On Auriemma's 37th birthday, in Philadelphia, near the coach's hometown of Norristown, and with family and friends converging on the Palestra, UConn rolled 82-71. Lishness sprang for 22 points, and the Huskies sank 9 of 16 shots from beyond the arc, with Davis and Grossman splitting eight of them. "When we were able to beat them, everybody, including Coach, finally realized, Maybe we're not so bad," Davis recalls.
In practice the following day Auriemma kicked a bleacher, then fretted that he'd have to wear sneakers for the regional final because of a swollen toe. The day after that Bascom poured in 22, and UConn held Clemson to 33% shooting as the Huskies locked up a spot in the Final Four with a 60-57 victory. "A team," Auriemma called his Huskies afterward, "in the truest sense of the word."
The next week was a blur even in real time, much less 18 years later in recollection: the police escort, the tarted-up floor in New Orleans's Lakefront Arena, the scene on Bourbon Street, the ESPN camera crew assigned to their delegation.

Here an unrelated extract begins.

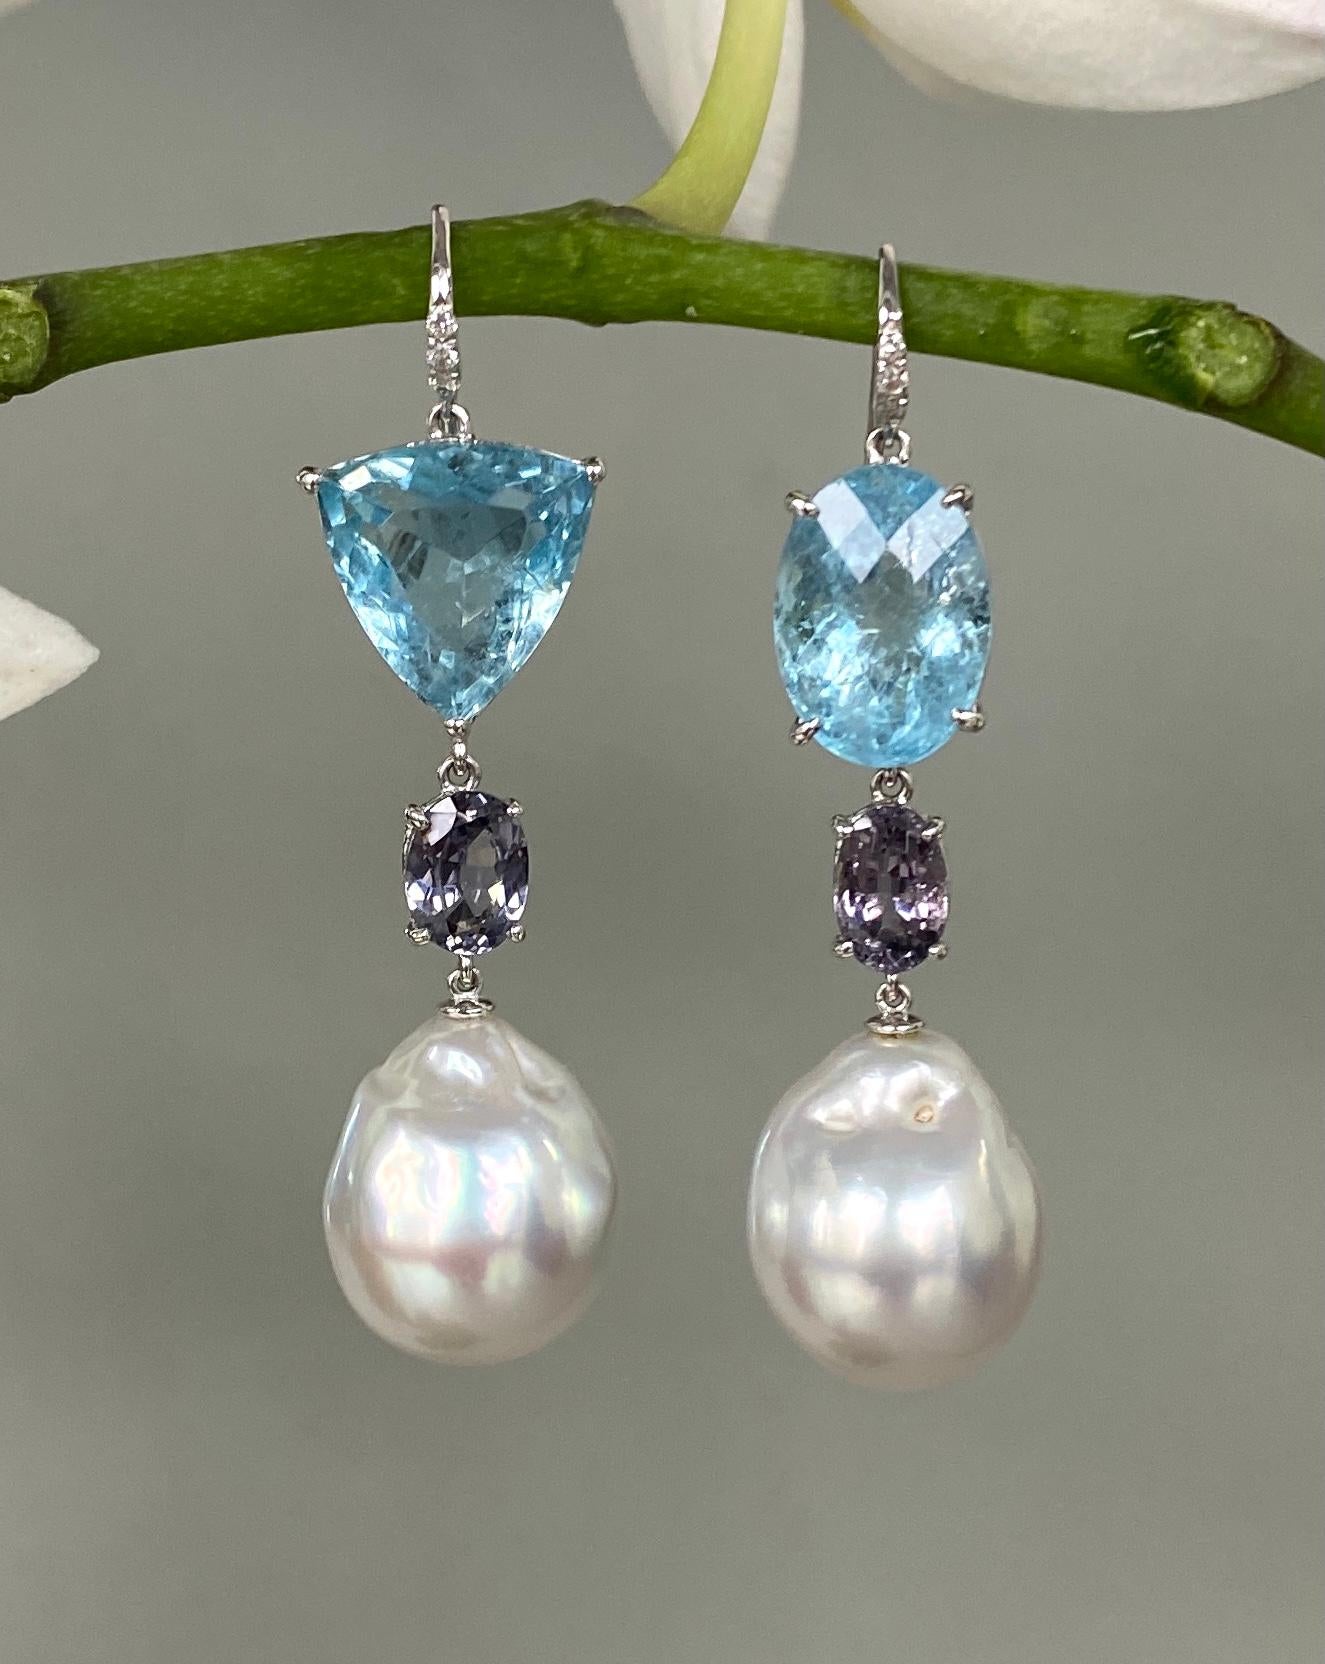 Beautiful one-of-a-kind drop dangle earrings of aquamarines, purple sapphires and white baroque South Sea pearls, handcrafted in 18 karat white gold.

These gorgeous drop dangle earrings of perfectly

In the semifinal against Virginia, whose leader, Dawn Staley, would be named the Final Four's Most Outstanding Player, Bascom picked up two quick fouls. Davis, drugged to fight off a stomach ailment, played well enough, but the mercurial Lishness never got untracked. The Huskies' lack of quickness seemed to catch up with them as the Cavaliers chased down more loose balls and claimed a 61-55 victory. "We did everything in New Orleans, saw all the sights," Auriemma recalls. "At the time, that was the best thing that had happened to any of us. And then we got to the game, and it's like, there's 10 minutes left and we're down 10. 'Yo, guys—how about if we win this thing?' And we cut it to two [in the final minute] but didn't have enough to come back. When we got home, the one regret was that we forgot to win the game."
UCONN WOULD NEVER AGAIN FAIL AT A FINAL FOUR due to some oversight. "We really enjoyed getting there," Pattyson says today, "and we were really pissed when we lost." Pattyson had joined Auriemma's staff as an assistant coach by 1995, when the undefeated Huskies reached their next Final Four, in Minneapolis. Auriemma chose to pass up the NCAA-assigned hotel in favor of more reclusive quarters, prophetically telling his charges that they were on a business trip "to make history."
The UConn women can now count 10 Final Fours. But in the spring of 1991, in the wake of that first run, Auriemma and his staff recognized what the accomplishment foretold: If they could reach the Final Four without any elite recruits, now that they had a state-of-the-art, on-campus arena, and now that they could take the UConn brand into any corner of the country without being mistaken for a dogsled-racing team, "something could happen," Auriemma says. "But no one could envision this happening. Ever."
"This," of course, is the sustained whoopee of the program. "I'm sure kids today have fun, but now, if they don't get to the Final Four, the entire state is in mourning," says Davis.
"The pressure he lives with on a daily basis, I can't even imagine," Pattyson says of her old coach.